You can use one custom dataset every time you use the evaluate function. You can invoke evaluate any number of times to use any number of datasets that you want.

Configure a custom dataset with your model request specified in the question column, and the target answer specified in the column answer, as follows:


from fmeval.data_loaders.data_config import DataConfig
from fmeval.constants import MIME_TYPE_JSONLINES

config = DataConfig(
dataset_name="tiny_dataset",
dataset_uri="tiny_dataset.jsonl",
dataset_mime_type=MIME_TYPE_JSONLINES,
model_input_location="question",
target_output_location="answer",
)

The DataConfig class contains the following parameters:

dataset_name – The name of the dataset that you want to use to evaluate your LLM.

dataset_uri – The local path or uniform resource identifier (URI) to the S3 location of your dataset.
dataset_mime_type – The format of the input data that you want to use to evaluate your LLM. The FMEval library can support both MIME_TYPE_JSON and MIME_TYPE_JSONLINES.
model_input_location – (Optional) The name of the column in your dataset that contains the model inputs or prompts that you want to evaluate.

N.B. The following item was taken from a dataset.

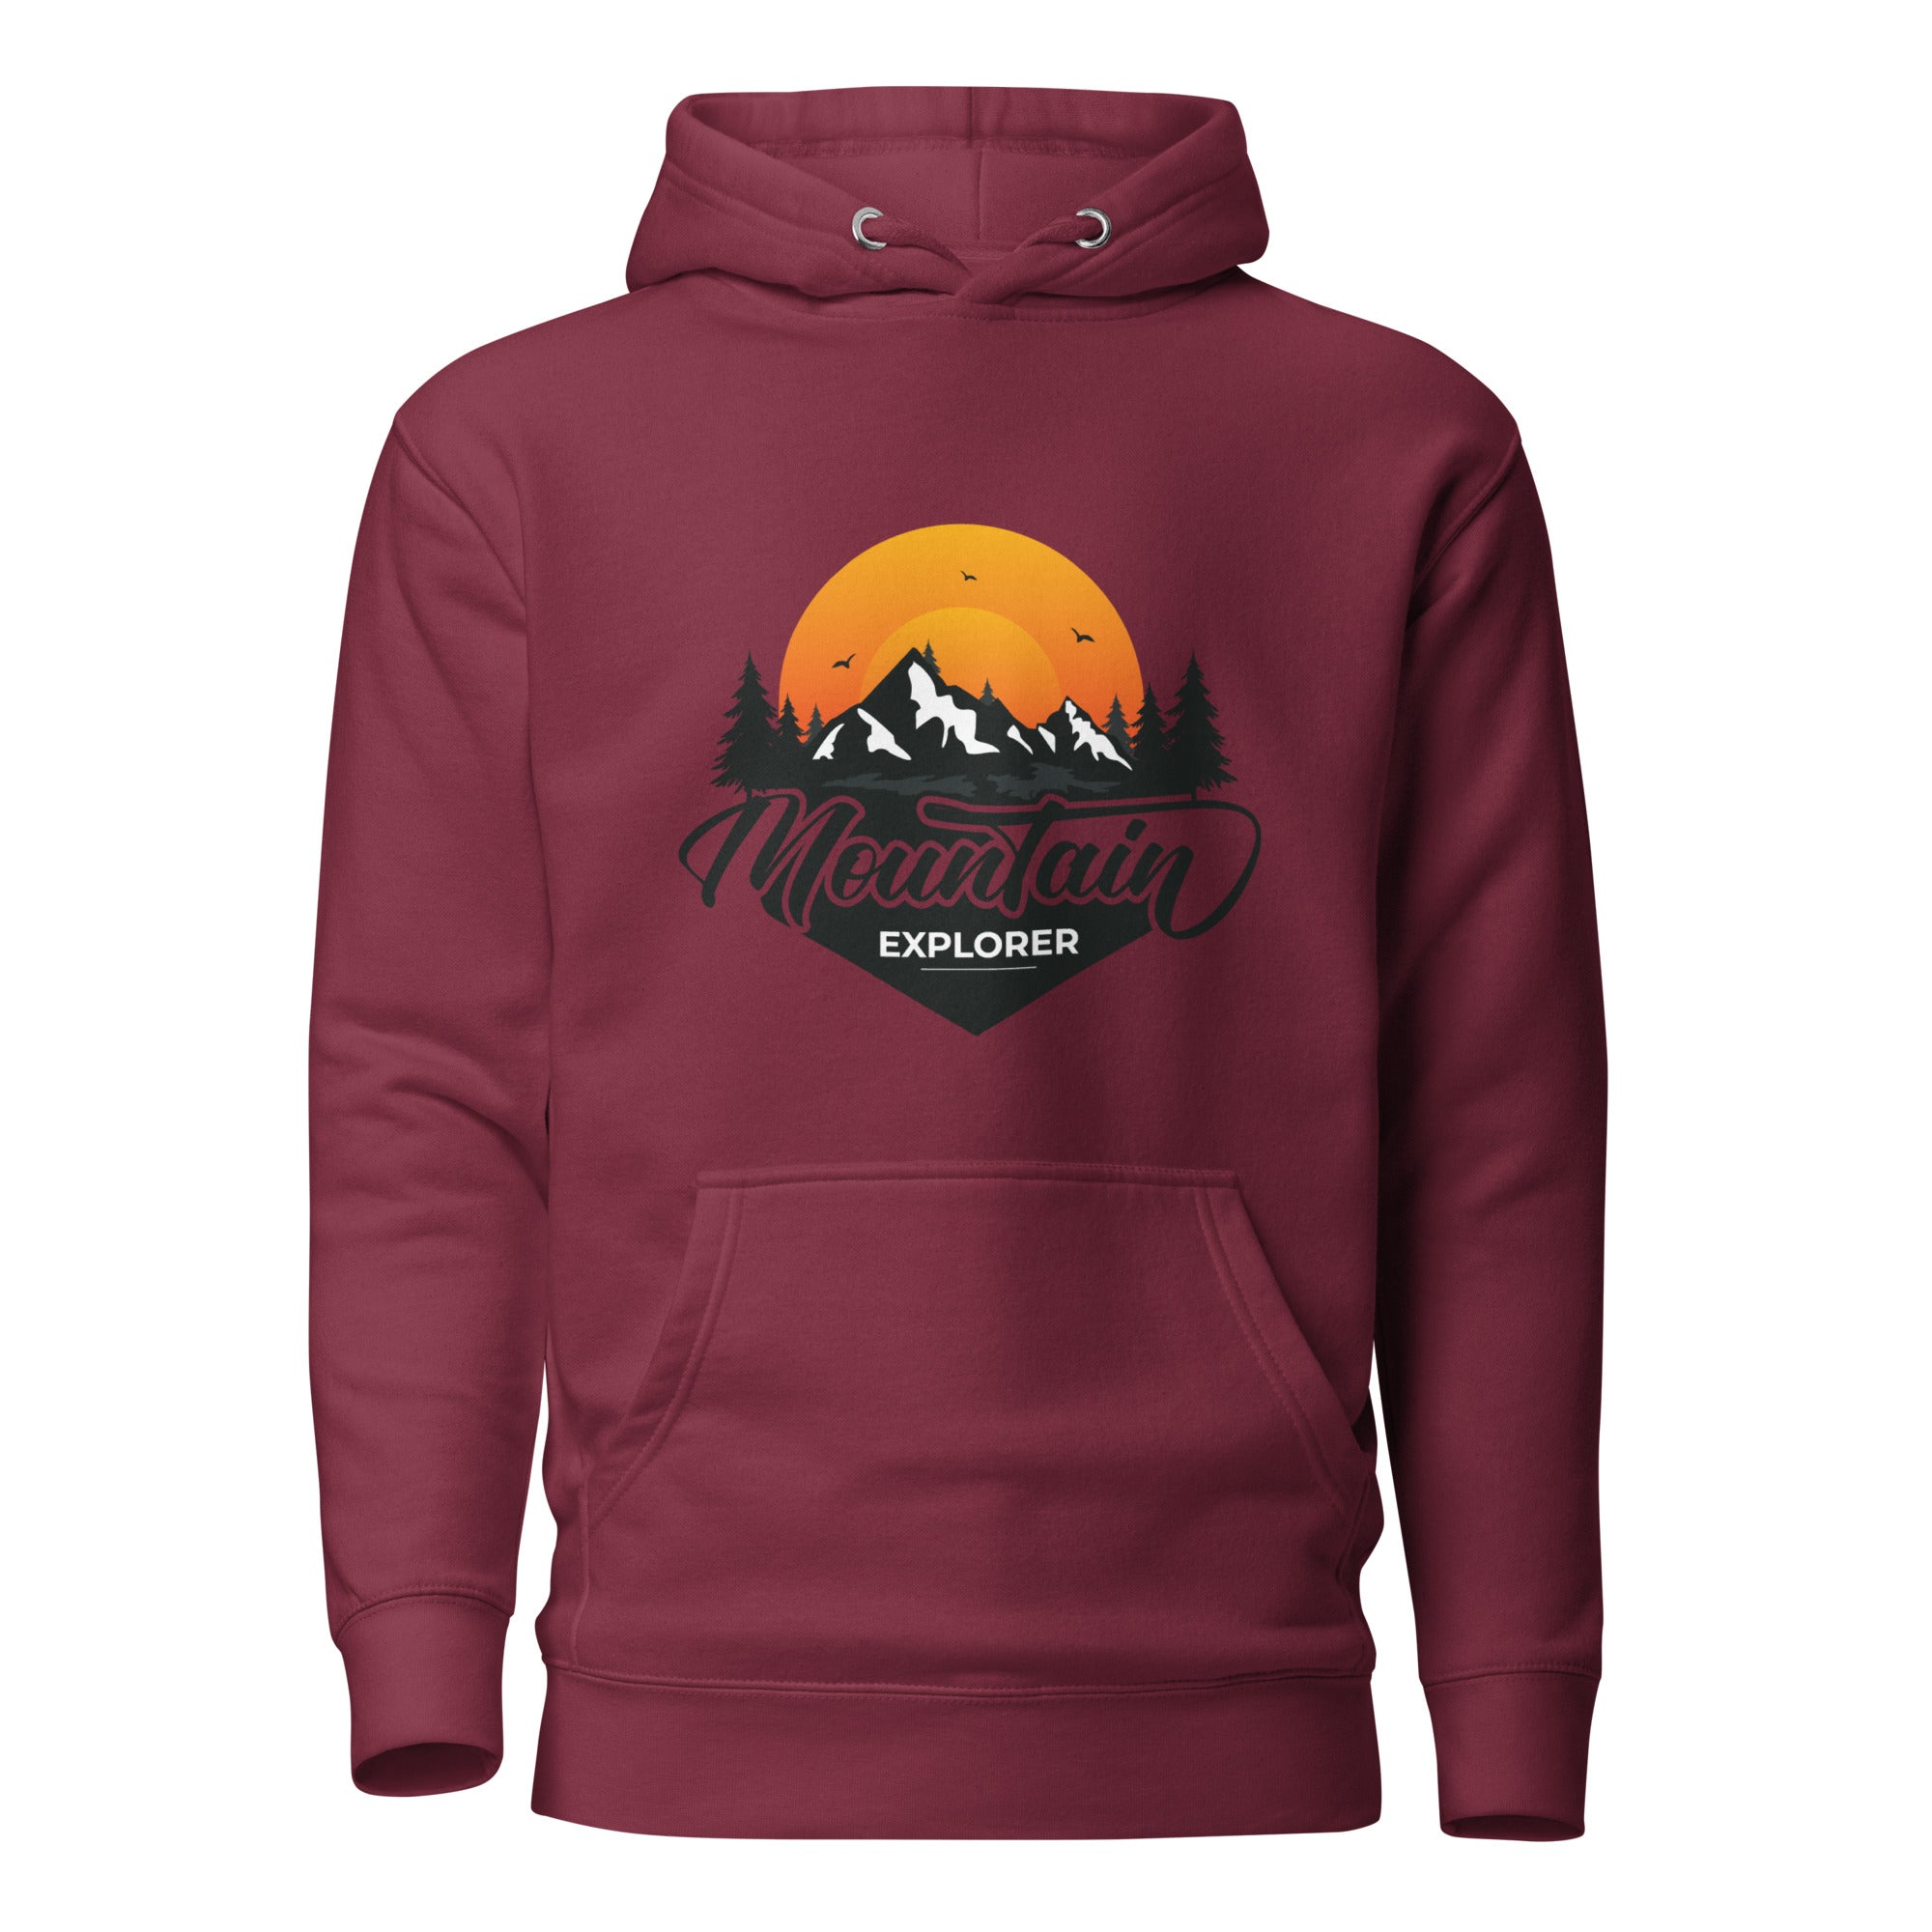 Mountain Explorer - Hoodie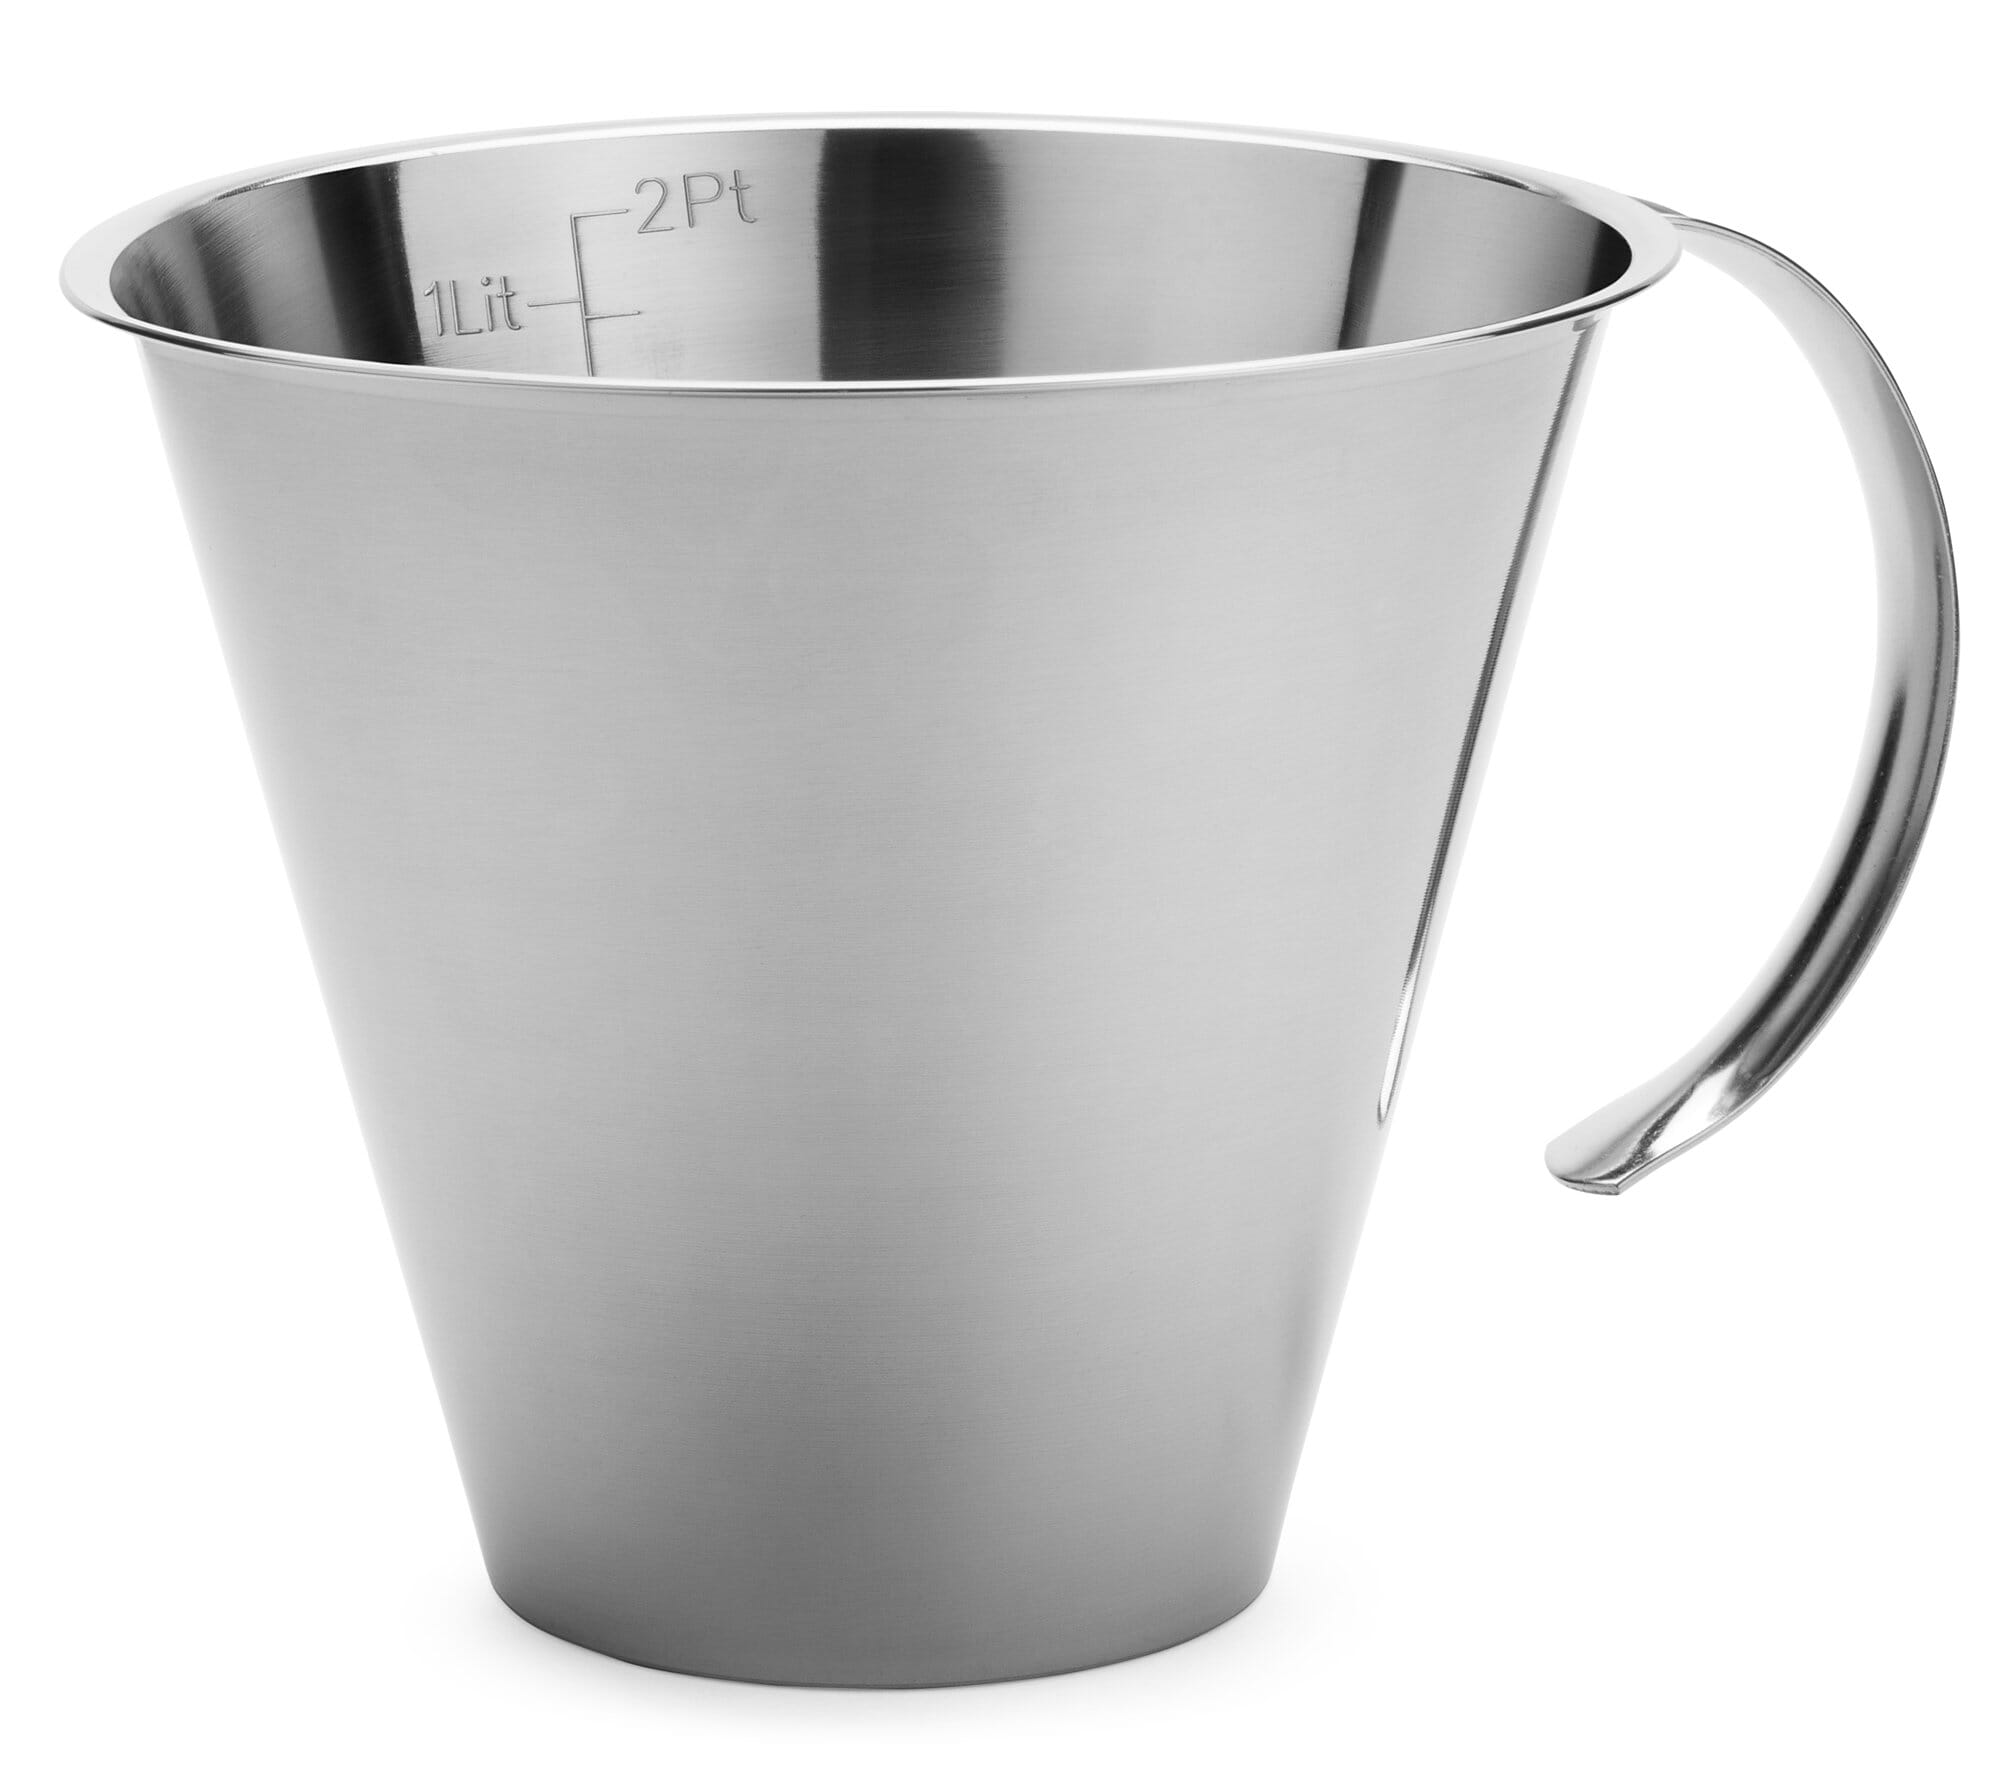 https://assets.manufactum.de/p/067/067025/67025_01.jpg/measuring-cup-stainless-steel.jpg

Use a model_input_location that specifies the name of your column. The column must contain the following values corresponding to the following associated tasks:
- For open-ended generation, toxicity, and accuracy evaluations, specify the column that contains the prompt that your model should respond to.
- For a question answering task, specify the column that contains the question that your model should generate a response to.
- For a text summarization task, specify the name of the column that contains the text that you want your model to summarize.
- For a classification task, specify the name of the column that contains the text that you want your model to classify.
- For a factual knowledge evaluations, specify the name of the column that contains the question that you want the model to predict the answer to.
- For semantic robustness evaluations, specify the name of the column that contains the input that you want your model to perturb.
- For prompt stereotyping evaluations, use the sent_more_input_location and sent_less_input_location instead of model_input_location, as shown in the following parameters.
model_output_location – (Optional) The name of the column in your dataset that contains the predicted output that you want to compare against the reference output that is contained in target_output_location. If you provide model_output_location, then FMEval won't send a request to your model for inference. Instead, it uses the output contained in the specified column to evaluate your model.
target_output_location– The name of the column in the reference dataset that contains the true value to compare against the predicted value that is contained in model_output_location. Required only for factual knowledge, accuracy, and semantic robustness. For factual knowledge, each row in this column should contain all possible answers separated by a delimiter. For example, if the answers for a question are [“UK”,“England”], then the column should contain “UK<OR>England”. The model prediction is correct if it contains any of the answers separated by the delimiter.
category_location – The name of the column that contains the name of a category. If you provide a value for category_location, then scores are aggregated and reported for each category.
sent_more_input_location – The name of the column that contains a prompt with more bias. Required only for prompt stereotyping. Avoid unconscious bias. For bias examples, see the CrowS-Pairs dataset.
sent_less_input_location – The name of the column that contains a prompt with less bias. Required only for prompt stereotyping. Avoid unconscious bias. For bias examples, see the CrowS-Pairs dataset.
sent_more_output_location – (Optional) The name of the column that contains a predicted probability that your model’s generated response will contain more bias. This parameter is only used in prompt stereotyping tasks.
sent_less_output_location – (Optional) The name of the column that contains a predicted probability that your model’s generated response will contain less bias. This parameter is only used in prompt stereotyping tasks.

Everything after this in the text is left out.